I'm trying to run this code, the webdriver opens the page but soon after it stops working and I receive and error: AttributeError: 'dict' object has no attribute 'dont_filter'. This is my code:
import scrapy
from scrapy import Spider
from selenium import webdriver
from selenium.webdriver.chrome.service import Service
from scrapy.selector import Selector
from scrapy.http import Request
class RentalMarketSpider(Spider):
name = 'rental_market'
allowed_domains = ['home.co.uk']
def start_requests(self):
s=Service('/Users/chrisb/Desktop/Scrape/Home/chromedriver')
self.driver = webdriver.Chrome(service=s)
self.driver.get('https://www.home.co.uk/for_rent/ampthill/current_rents?location=ampthill')
sel = Selector(text=self.driver.page_source)
tot_prop_rent = sel.xpath('.//div[1]/table/tbody/tr[1]/td[2]/text()').extract_first()
last_14_days = sel.xpath('.//div[1]/table/tbody/tr[2]/td[2]/text()').extract_first()
average = sel.xpath('.//div[1]/table/tbody/tr[3]/td[2]/text()').extract_first()
median = sel.xpath('.//div[1]/table/tbody/tr[4]/td[2]/text()').extract_first()
one_b_num_prop = sel.xpath('.//div[3]/table/tbody/tr[2]/td[2]/text()').extract_first()
one_b_average = sel.xpath('.//div[3]/table/tbody/tr[2]/td[3]/text()').extract_first()
yield {
'tot_prop_rent': tot_prop_rent,
'last_14_days': last_14_days,
'average': average,
'median': median,
'one_b_num_prop': one_b_num_prop,
'one_b_average': one_b_average
}
Below is the full error I receive.
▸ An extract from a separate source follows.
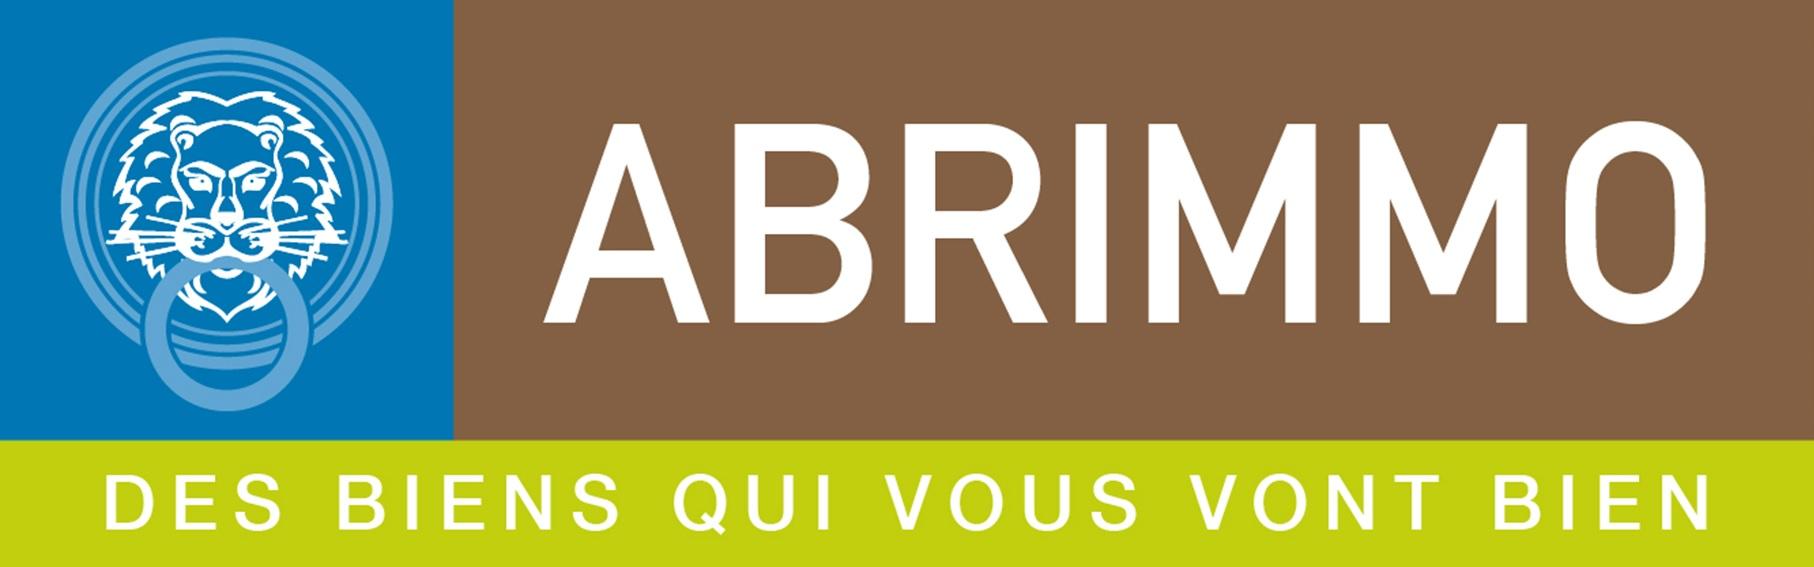 ABRIMMO LENS agence immobilière à LENS 62300

I looked everywhere but couldn't find a clear answer in order to get rid of this error:
2021-12-23 17:43:26 [twisted] CRITICAL: Unhandled Error
Traceback (most recent call last):
File "/Users/chrisb/opt/anaconda3/lib/python3.8/site-packages/scrapy/commands/crawl.py", line 27, in run
self.crawler_process.start()
File "/Users/chrisb/opt/anaconda3/lib/python3.8/site-packages/scrapy/crawler.py", line 327, in start
reactor.run(installSignalHandlers=False) # blocking call
File "/Users/chrisb/opt/anaconda3/lib/python3.8/site-packages/twisted/internet/base.py", line 1318, in run
self.mainLoop()
File "/Users/chrisb/opt/anaconda3/lib/python3.8/site-packages/twisted/internet/base.py", line 1328, in mainLoop
reactorBaseSelf.runUntilCurrent()
--- <exception caught here> ---
File "/Users/chrisb/opt/anaconda3/lib/python3.8/site-packages/twisted/internet/base.py", line 994, in runUntilCurrent
call.func(*call.args, **call.kw)
File "/Users/chrisb/opt/anaconda3/lib/python3.8/site-packages/scrapy/utils/reactor.py", line 50, in __call__
return self._func(*self._a, **self._kw)
File "/Users/chrisb/opt/anaconda3/lib/python3.8/site-packages/scrapy/core/engine.py", line 137, in _next_request
self.crawl(request, spider)
File "/Users/chrisb/opt/anaconda3/lib/python3.8/site-packages/scrapy/core/engine.py", line 218, in crawl
self.schedule(request, spider)
File "/Users/chrisb/opt/anaconda3/lib/python3.8/site-packages/scrapy/core/engine.py", line 223, in schedule
if not self.slot.scheduler.enqueue_request(request):
File "/Users/chrisb/opt/anaconda3/lib/python3.8/site-packages/scrapy/core/scheduler.py", line 78, in enqueue_request
if not request.dont_filter and self.df.request_seen(request):
builtins.AttributeError: 'dict' object has no attribute 'dont_filter'
2021-12-23 17:43:26 [scrapy.core.engine] INFO: Closing spider (finished)
Any advice would be appreciated. Thanks for your time.